# Let’s see the homemade Alaskan chainsaw mills!



## motolife313 (Dec 30, 2018)

I’m planing on making one and was thinking about using a piece of hard plastic like delrin or phenolic and using some all thread to adjust the height. I’m not planing on doing anything huge. I’ve got a 32” bar and 064. Wanted to make some tables and table sets, all kinds of stuff really


----------



## Eric Vogus (Dec 31, 2018)

Well it’s not a Alaska style mill but I built it right her in Alaska.


----------



## BobL (Jan 2, 2019)




----------



## motolife313 (Jan 2, 2019)

Holy cow that’s a chainsaw mill!


----------



## Eric Vogus (Jan 4, 2019)

BobL said:


> View attachment 694303
> 
> 
> View attachment 694302


That is one impressive truly portable mill.


----------



## htetreau (Jan 7, 2019)

Here's my homebuilt Alaskan-style mill with 30" capacity.

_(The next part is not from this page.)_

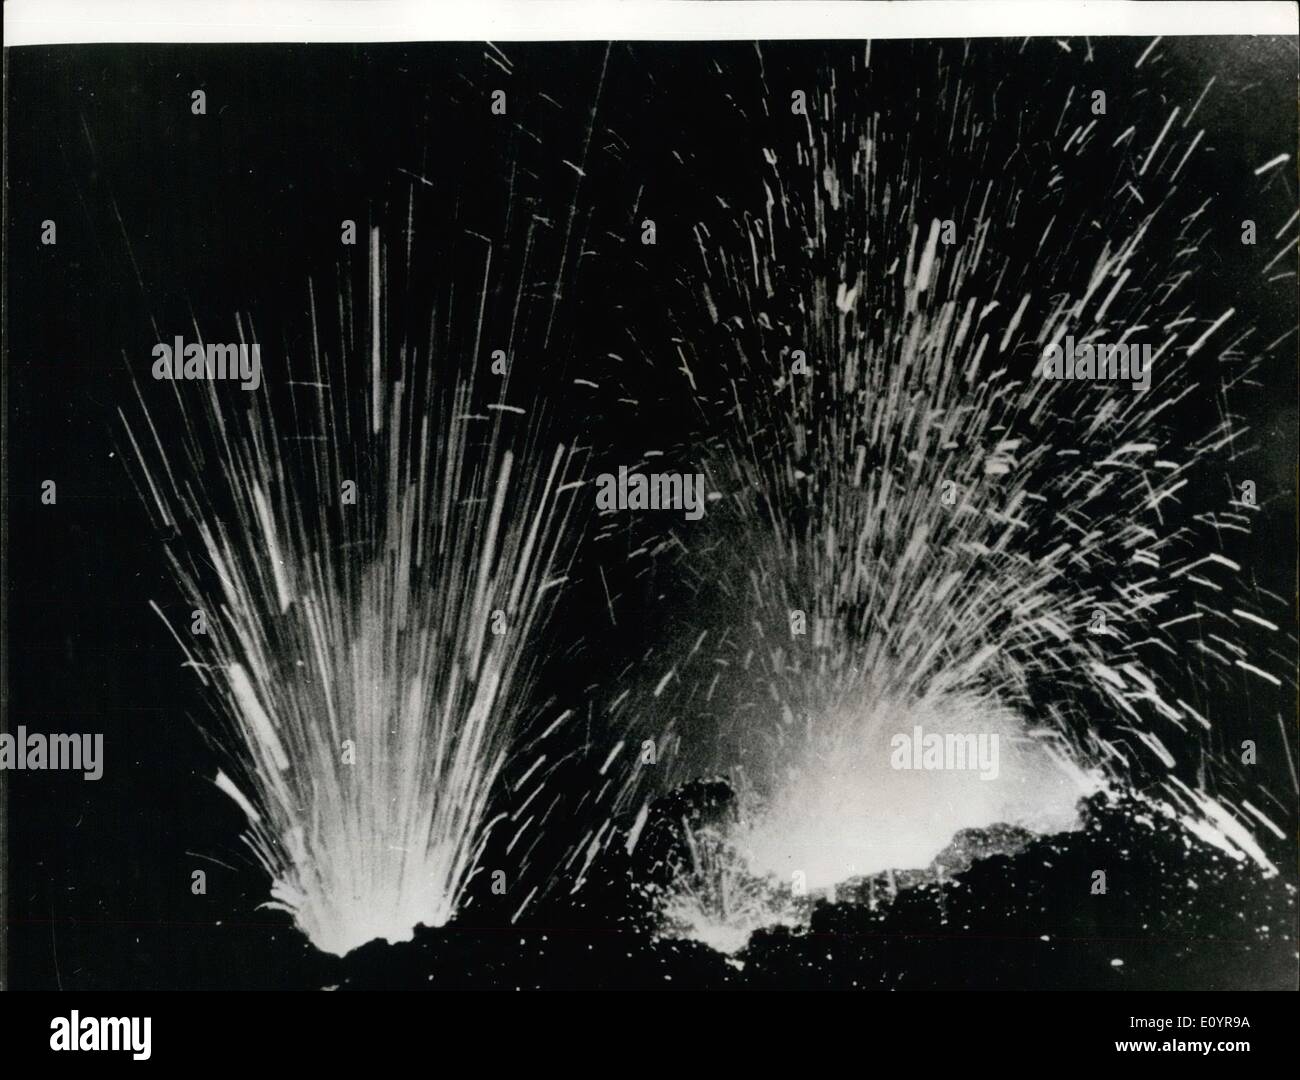 Apr. 04, 1971 - Etna erutta: Mostra fotografica spettacolare di questa foto è stata scattata durante il Monte Etna è più grande eruzione dal 1950. Esplosioni ogni pochi minuti scagliò massi fuso nell'aria dai Crateri in eruzione del vulcano. Foto Stock

Built from 3/4" & 1" square steel tube, it features Ball-Lock pins at the most frequently used thicknesses, and screw locks (on the tube diagonals) for infinite variability. Inline skate wheels allow the mill to roll smoothly along the side of the log and UHMW tape on the bottom of the mill provides low friction. Here it sits ready for the first cut in a short maple log where I experimented with white candle wax (paraffin) as the end grain sealant - unsuccessful as it flaked off as the log dried & shrunk. The center upright (between the two handles) was originally designed to allow use of shorter bars for smaller logs; I've not used that yet, and likely never will.


----------



## Dobbs (Jan 8, 2019)

Mine is simple as they come.
This is one of 4 I have MS880
50" double end Cannon Bar.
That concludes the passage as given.